◆ Information shown:
%%
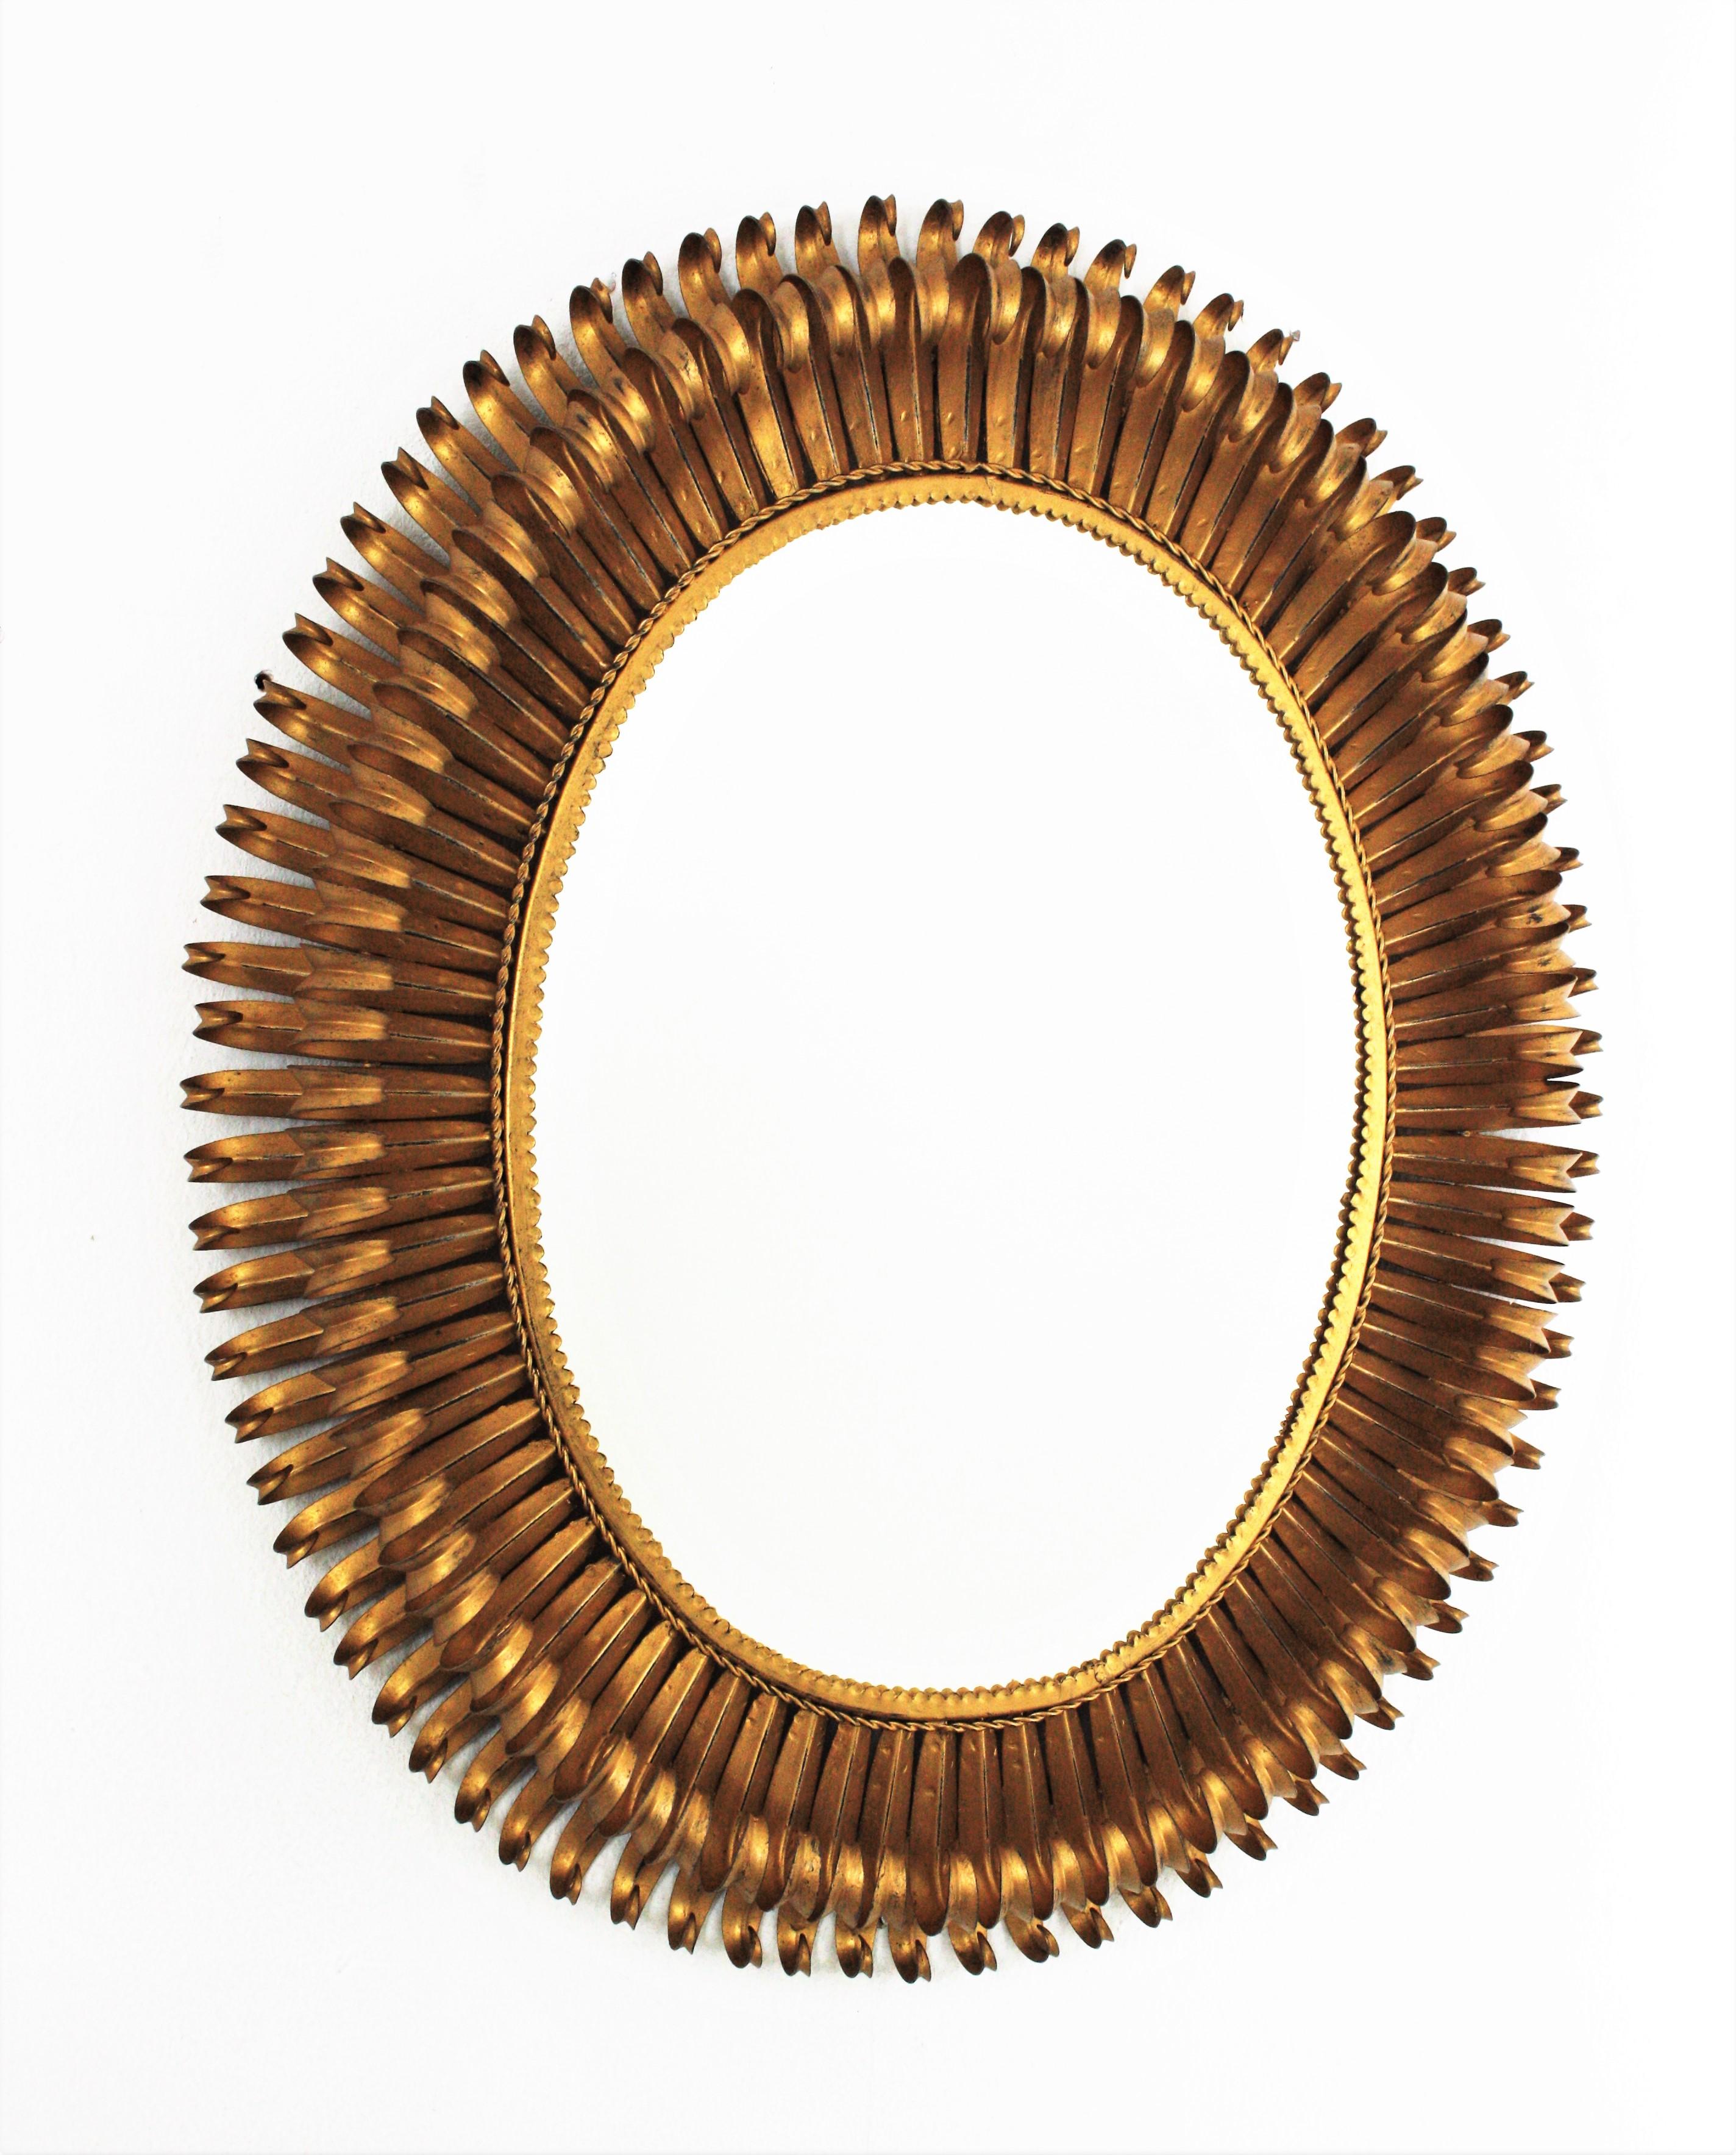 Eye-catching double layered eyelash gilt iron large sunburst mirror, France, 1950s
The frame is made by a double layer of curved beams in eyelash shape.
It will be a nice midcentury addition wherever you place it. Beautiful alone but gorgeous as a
%%
◆ What the exercise asks: Take the lines from the one containing "The frame is" to the last line of the material above and write them out exactly.

◆ Solved problem:
The frame is made by a double layer of curved beams in eyelash shape.
It will be a nice midcentury addition wherever you place it. Beautiful alone but gorgeous as a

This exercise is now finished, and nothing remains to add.